Get hands-on experience with 20+ free Google Cloud products and $300 in free credit for new customers.

Dataflow Pubsub Proto to Bigquery with Struct

Hello, 

Im working with the dataflow streaming flex templates documented here: https://cloud.google.com/dataflow/docs/guides/templates/provided/pubsub-proto-to-bigquery

Our protobuf schema utilizes the struct type provided here: 

https://github.com/protocolbuffers/protobuf/blob/main/src/google/protobuf/struct.proto

When I compile the .proto file into .pb using: 

 

protoc -I=./ actions.proto --include_imports --descriptor_set_out=actions.pb

 

and attempt to start the job I get the following error from dataflow: 

 

com.google.cloud.teleport.v2.common.UncaughtExceptionLogger - The template launch failed.
java.lang.IllegalArgumentException: Cannot infer schema with a circular reference. Proto Field: google.protobuf.Struct
    at org.apache.beam.sdk.extensions.protobuf.ProtoSchemaTranslator.getSchema(ProtoSchemaTranslator.java:174)

 

In our case, the use of the struct type looks like this: 

 

message Track {
    // Name of the action that the user has performed
    string event = 1;
    // Free-form dictionary of event properties
    google.protobuf.Struct properties = 2;
    // Free-form dictionary of user properties
    google.protobuf.Struct user_properties = 3;
}

 

From what I can tell, the error is due to Structs being able to contain other structs, is this just not supported by Java? is there a workaround to using the google provided Struct type? any experience or help would be greatly appreciated!

0 2 473
2 REPLIES 2

Hi @niallsc,

Welcome to Google Cloud Community!

The error “Cannot infer schema with a circular reference” stems from the nested and potentially circular nature of Google Protocol Buffer’s google.protobuf.struct. While It is designed to be flexible and enables you to represent arbitrary JSON-like data, meaning a Struct can contain another Struct within it, leading to potential circular references, it poses a challenge for certain serialization and schema inference mechanisms, particularly in Java with Beam's ProtoSchemaTranslator.

ProtoSchemaTranslator tries to deduce the schema of your data (defined by the Track message) to optimize processing. Circular references throw a wrench in this process because the schema becomes infinitely nested.

Try to examine if circular references within your Track message are really necessary. If possible, redesign your message structure to eliminate circular dependencies. If you can anticipate a fixed level of nesting or represent the data differently, it might be the cleanest approach.

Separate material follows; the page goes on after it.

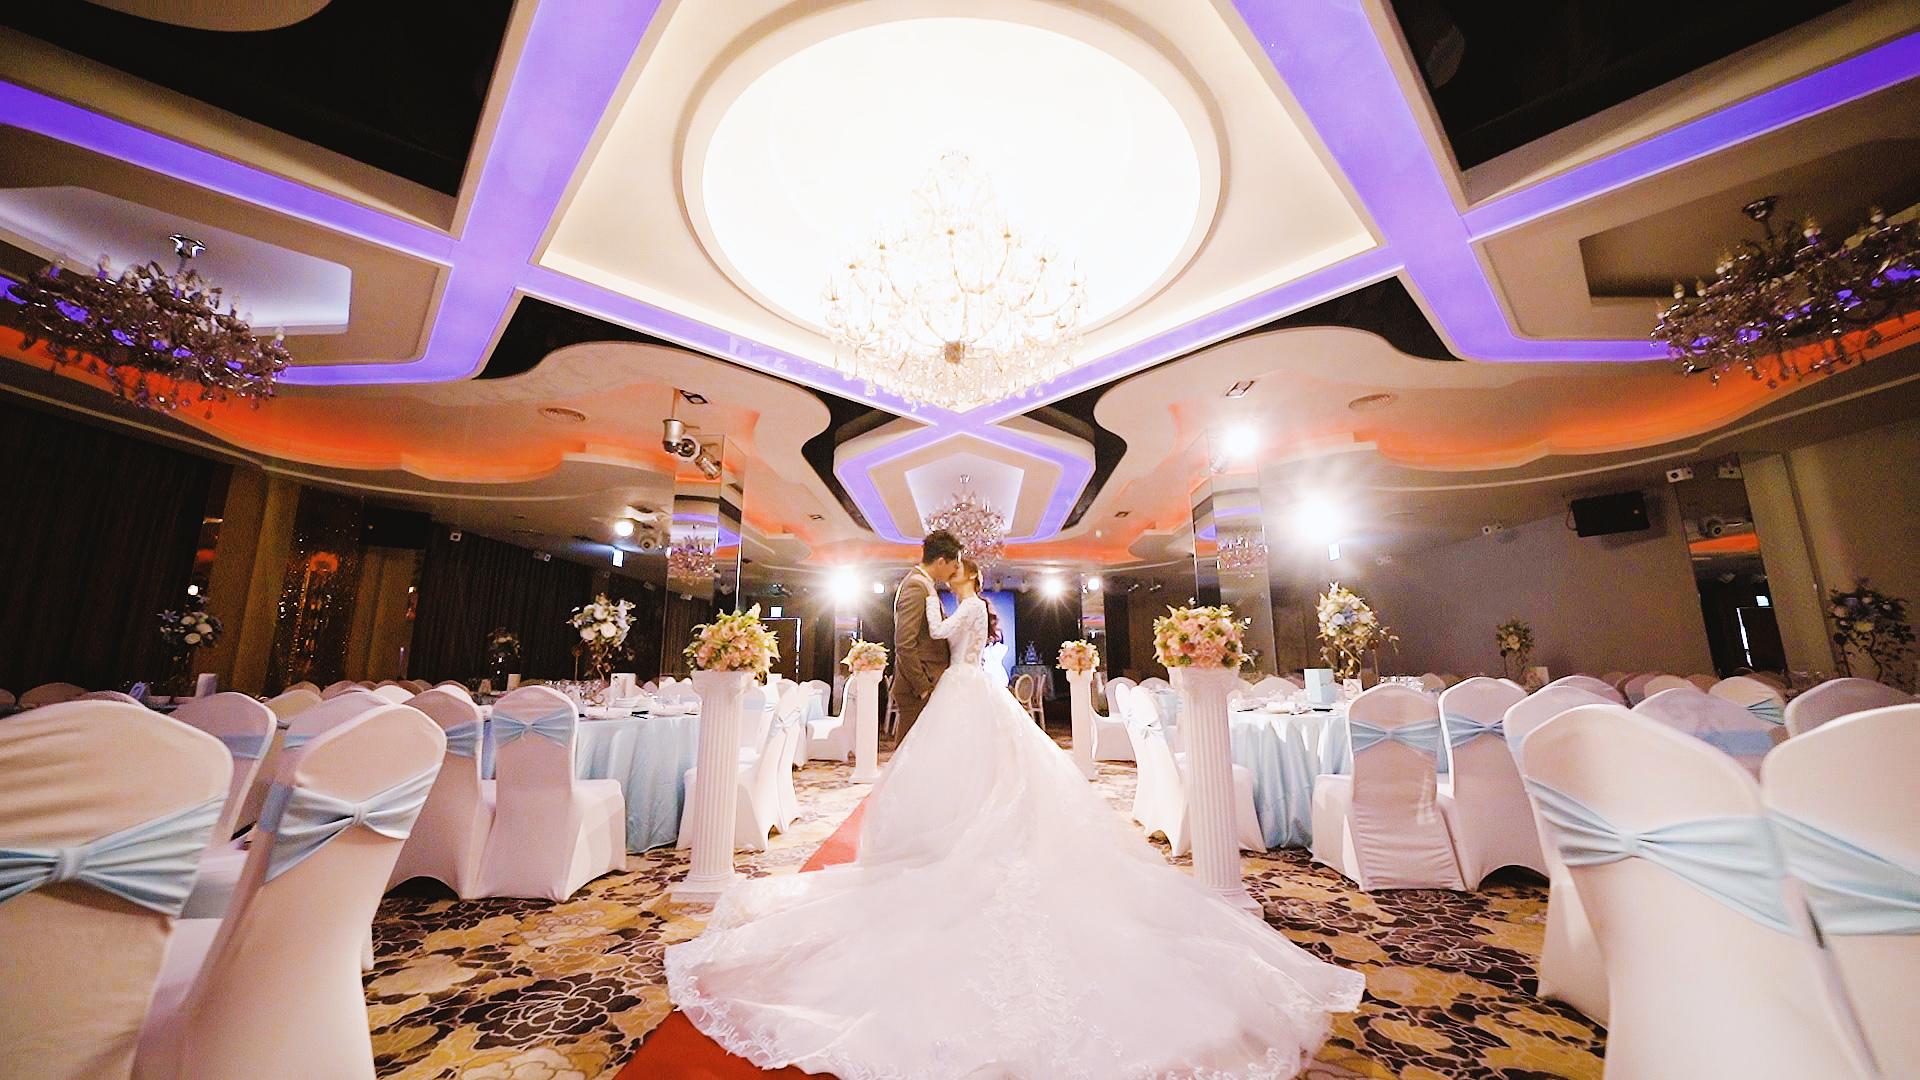 Roy & Mi Wedding Mv 青青格麗絲莊園-v.00_03_30_23.Still002

I hope the above information is helpful.

Thank you for the reply, however, in my original request I did outline the understanding that was conveyed in your response. "the error is due to Structs being able to contain other structs"

I was also able to get this data to load through dataflow by creating a custom dataflow template and reading the protobuf via: 

def convert_proto_to_dict(data, schema_class):
    message = schema_class()
    message.ParseFromString(data)
    d = MessageToDict(message, preserving_proto_field_name=True)

    return d